Authors: Elia Favarelli, Enrico Testi, Andrea Giorgetti

Abstract:

Autonomous structural health monitoring (SHM) of many structures and bridges became a topic of paramount importance for maintenance purposes and safety reasons. This paper proposes a set of machine learning (ML) tools to perform automatic feature selection and detection of anomalies in a bridge from vibrational data and compare different feature extraction schemes to increase the accuracy and reduce the amount of data collected. As a case study, the Z-24 bridge is considered because of the extensive database of accelerometric data in both standard and damaged conditions. The proposed framework starts from the first four fundamental frequencies extracted through operational modal analysis (OMA) and clustering, followed by time-domain filtering (tracking). The fundamental frequencies extracted are then fed to a dimensionality reduction block implemented through two different approaches: feature selection (intelligent multiplexer) that tries to estimate the most reliable frequencies based on the evaluation of some statistical features (i.e., entropy, variance, kurtosis), and feature extraction (auto-associative neural network (ANN)) that combine the fundamental frequencies to extract new damage sensitive features in a low dimensional feature space.
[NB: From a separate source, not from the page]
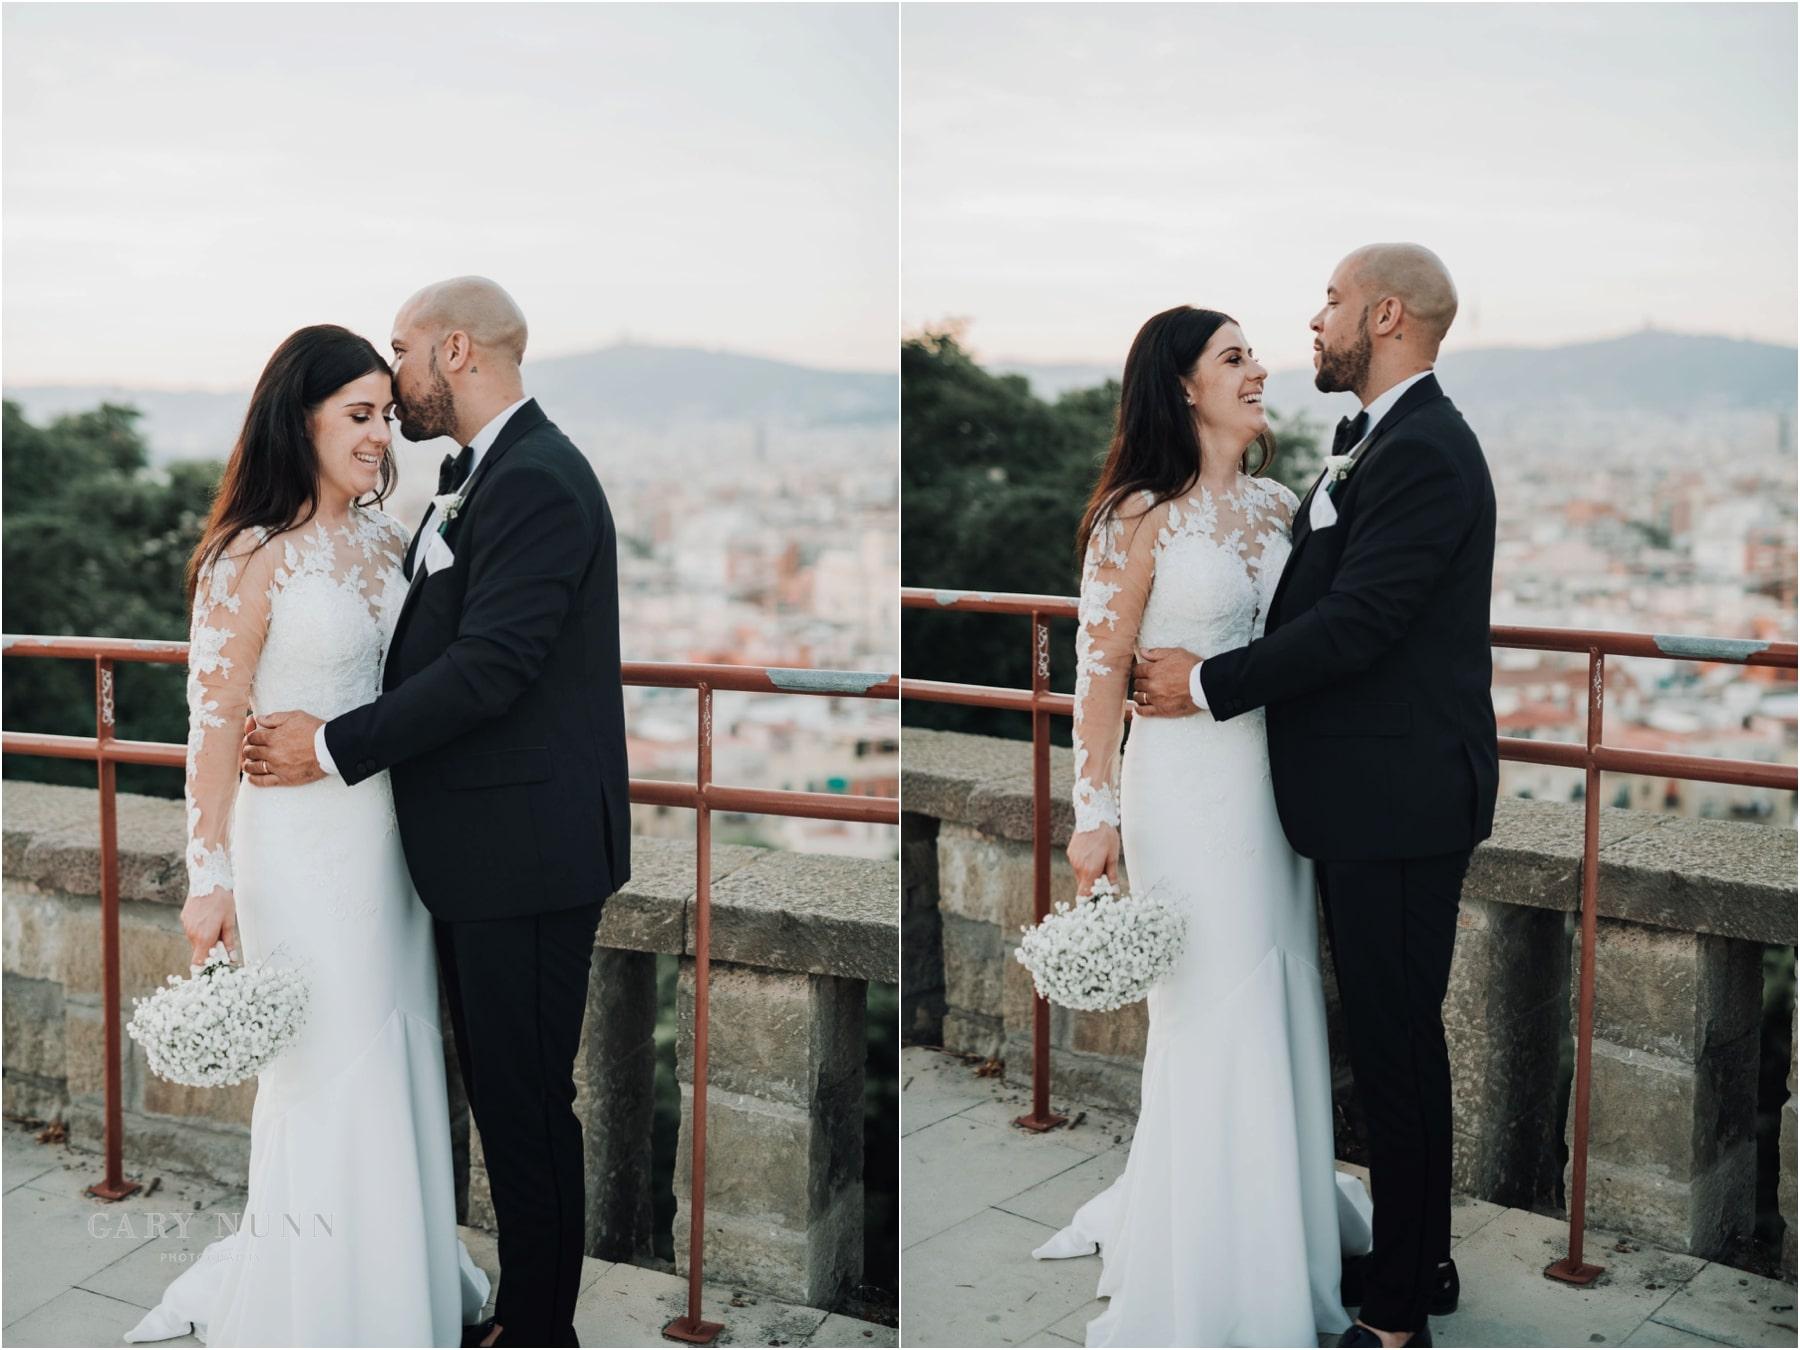 Hotel Miramar in Barcelona, destination wedding photographer, wedding photographer Milton Keynes, wedding photographer Watford, Wedding photographer, destination wedding photographer Spain

Finally, one-class classification (OCC) algorithms perform anomaly detection, trained with standard condition points, and tested with normal and anomaly ones. In particular, principal component analysis (PCA), kernel principal component analysis (KPCA), and autoassociative neural network (ANN) are presented and their performance are compared. It is also shown that, by evaluating the correct features, the anomaly can be detected with accuracy and an F1 score greater than 95%.

Keywords: Anomaly detection, dimensionality reduction, frequencies selection, modal analysis, neural network, structural health monitoring, vibration measurement.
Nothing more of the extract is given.